Артамон прикинул, на что уйдет больше и так не бесконечных сил — на пререкания с занудной старушенцией или на то, чтобы разыскать в грязи и перевернуть почти втоптанный коврик, и выбрал последнее.
— Надо же… Ключ… — изумленно проговорил он, вертя в руках замысловатый кусок железа. — А я, кажется, замок помял…
— А ты попробуй, попробуй! — боярин Ефим со свечой нетерпеливо придвинулся поближе.
— Что там, что там? — подоспел и граф.
— Ключ нашел, — хмуро буркнул Артамон и, налегая всем телом на затейливо изогнутую штуковину чтобы превозмочь ржавчину, повернул ее в замочной скважине.

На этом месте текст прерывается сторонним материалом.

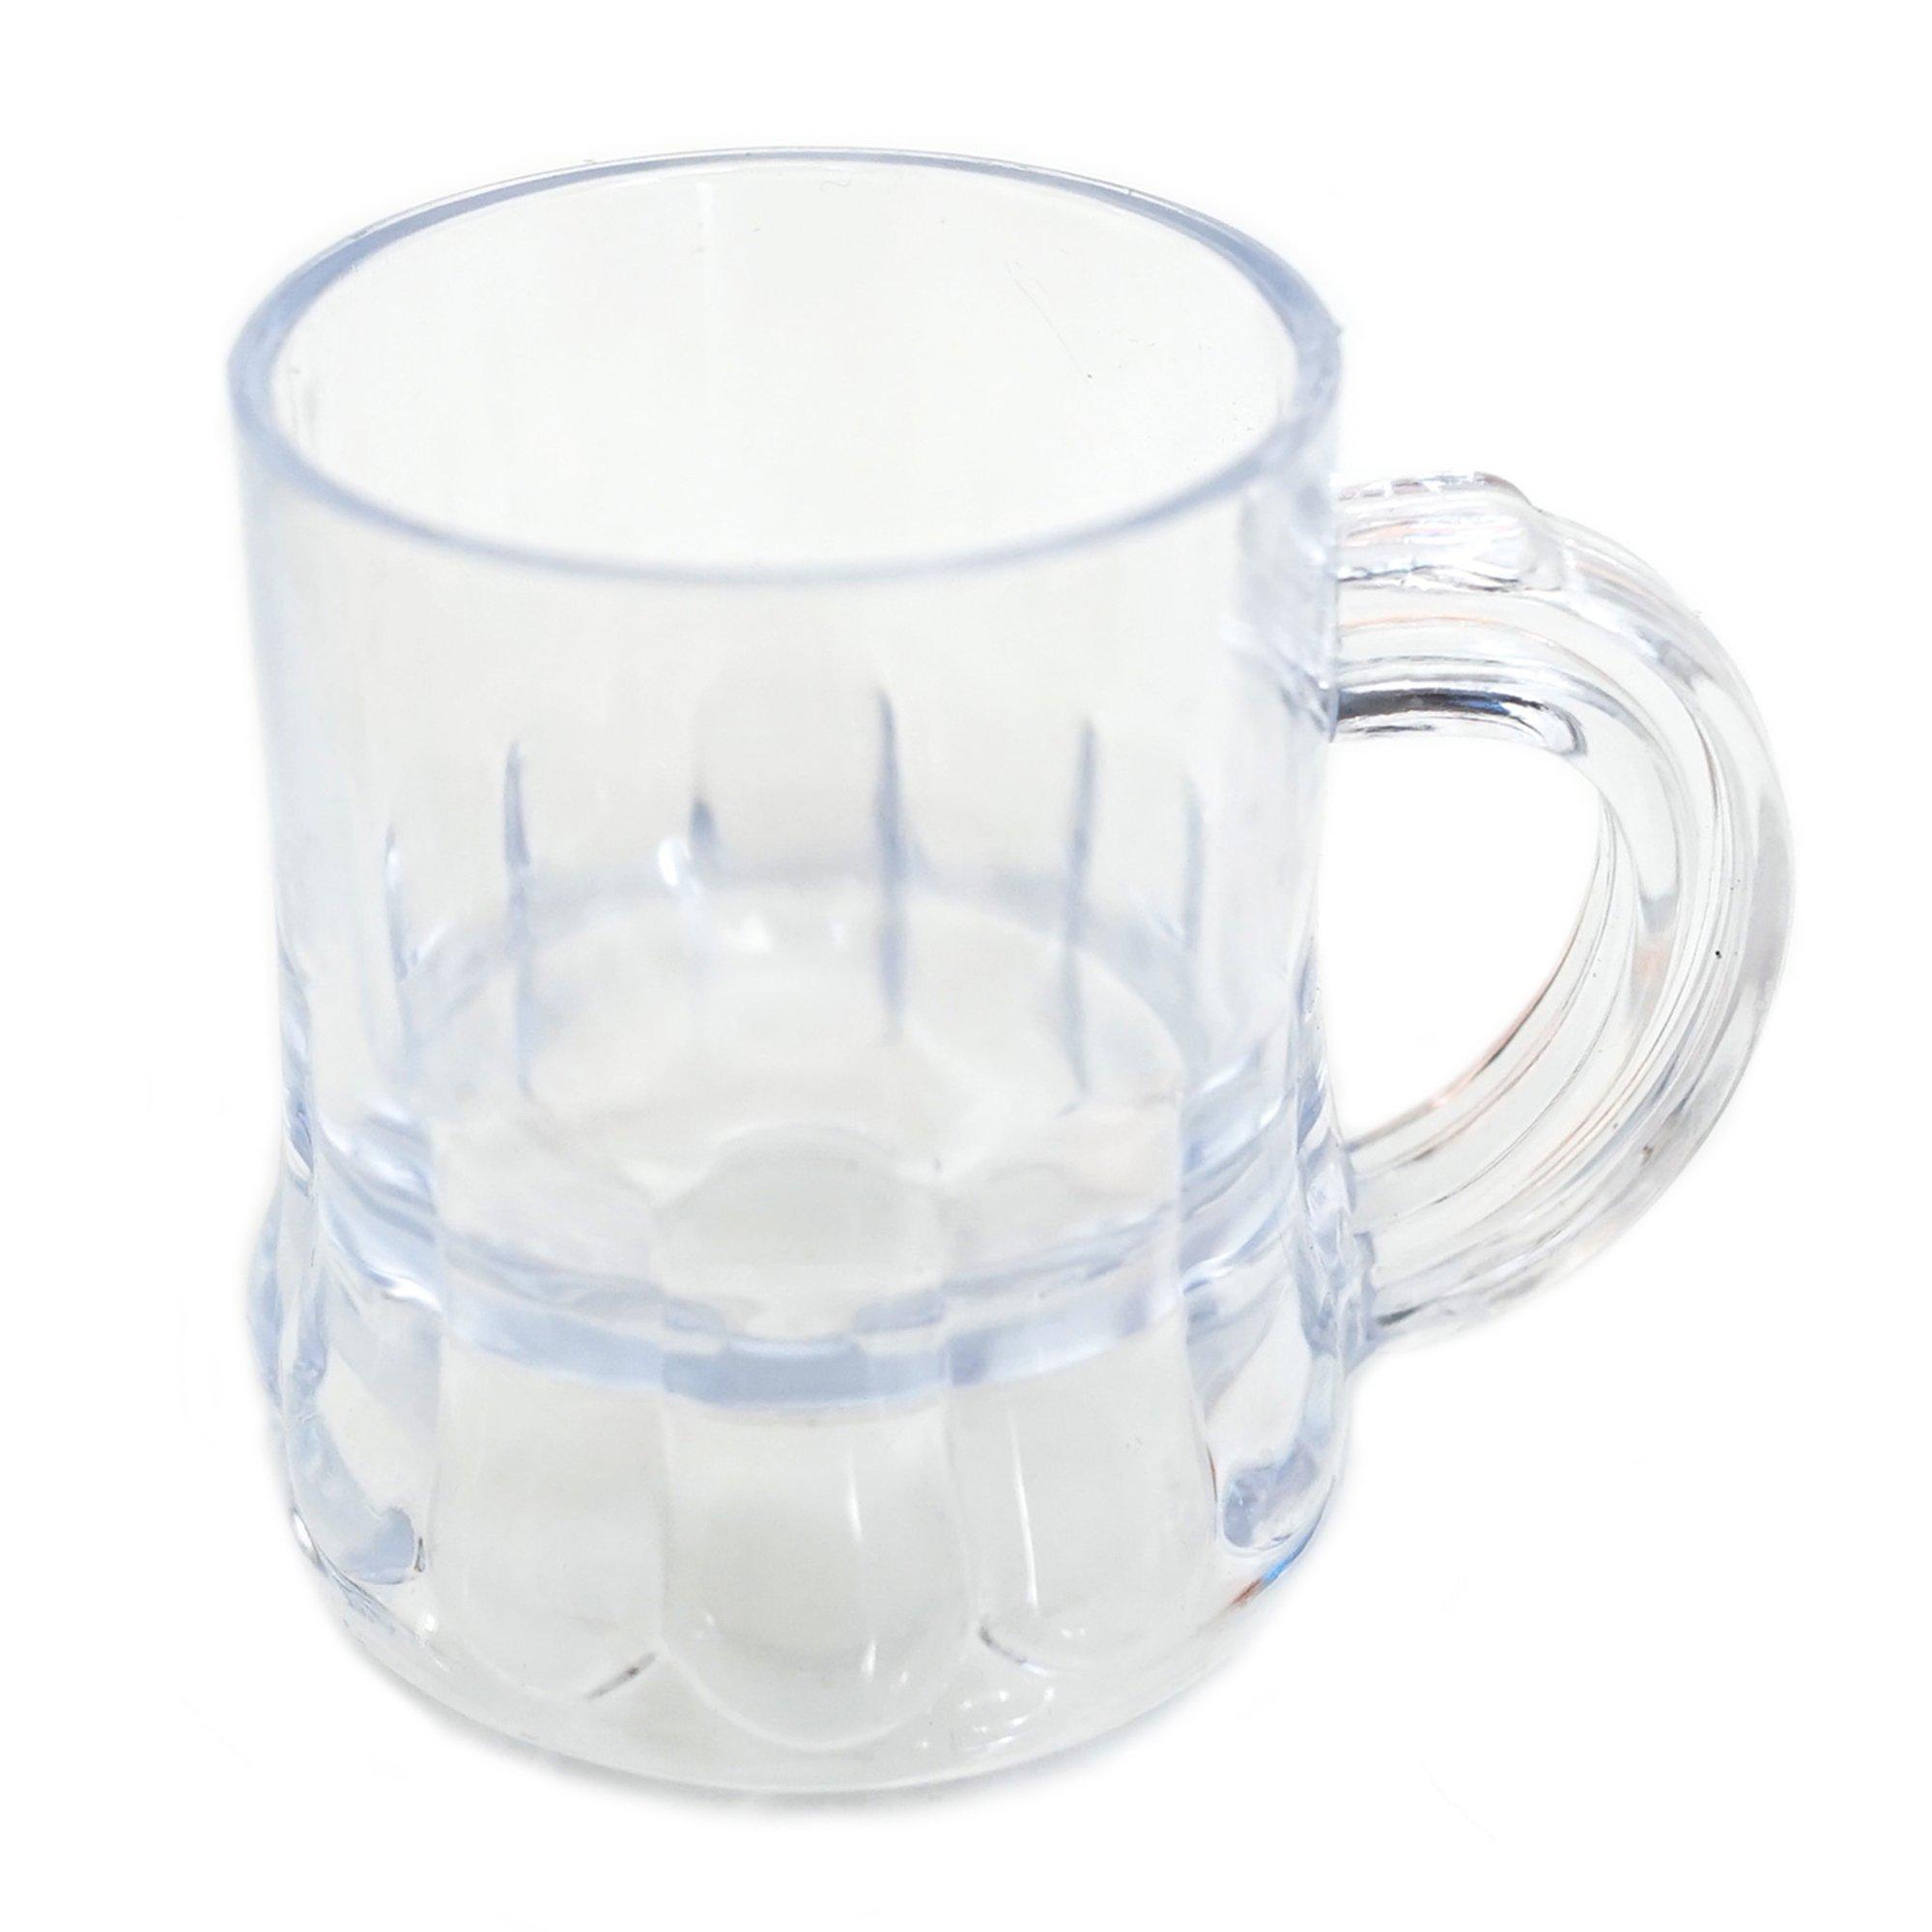 Mini Clear Plastic Beer Mug Shot Glasses- 1.75'' Tall - (12 Count)

Замок заскрежетал, заскрипел, щелкнул несколько раз и открылся.
— Что там? Что там? — бояре повскакивали с земли и устремились к открывшейся двери.
Коллективный вздох разочарования вырвался из всех грудей и загасил огонек свечи.
— Опять клад… — кисло выразил всеобщее настроение боярин Никодим.
Это был уже седьмой клад, обнаруженный за время их подземных скитаний.
Первый они нашли на берегу подземного озера, где в недобрый для себя час напало на них чудо-юдо.
Побросав мясо, они стали рассовывать золото и серебро по карманам, шапкам и кошелям, сооруженным из шуб, пока не начали рваться подкладки и трещать швы.
Довольные и разбогатевшие, обошли они с шутками-прибаутками весь небольшой выступ-берег и вернулись к провалу, через который сюда попали, чтобы разобрать завал и двинуться дальше по оставленному ими так поспешно коридору.
Там степень их довольства начала медленно снижаться: оказывается, разбивать кучу камней с карманами, полными золотых самородков, было чрезвычайно неудобно. Без шуб было холодно. Нести в одной руке тяжелую, так и норовящую порваться шапку, а в другой — лопату было неудобно. Но все бы было ничего и терпимо, но через несколько часов почему-то снова захотелось есть.
И казавшийся несколько часов назад нелепым выбор был сделан, не задумываясь.
Высыпав в грязь драгметаллы, бояре, не упоминая о них более ни словом, вернулись на берег озера и набили связанные из легких кафтанов кошели (прочные и теплые шубы снова заняли место на их плечах) мясом.
Это было шесть кладов назад.
— Смотрите, смотрите, радость-то какая!!! — ахнула боярышня Арина, как только боярин Ефим снова зажег свою свечу.
— Ну и что?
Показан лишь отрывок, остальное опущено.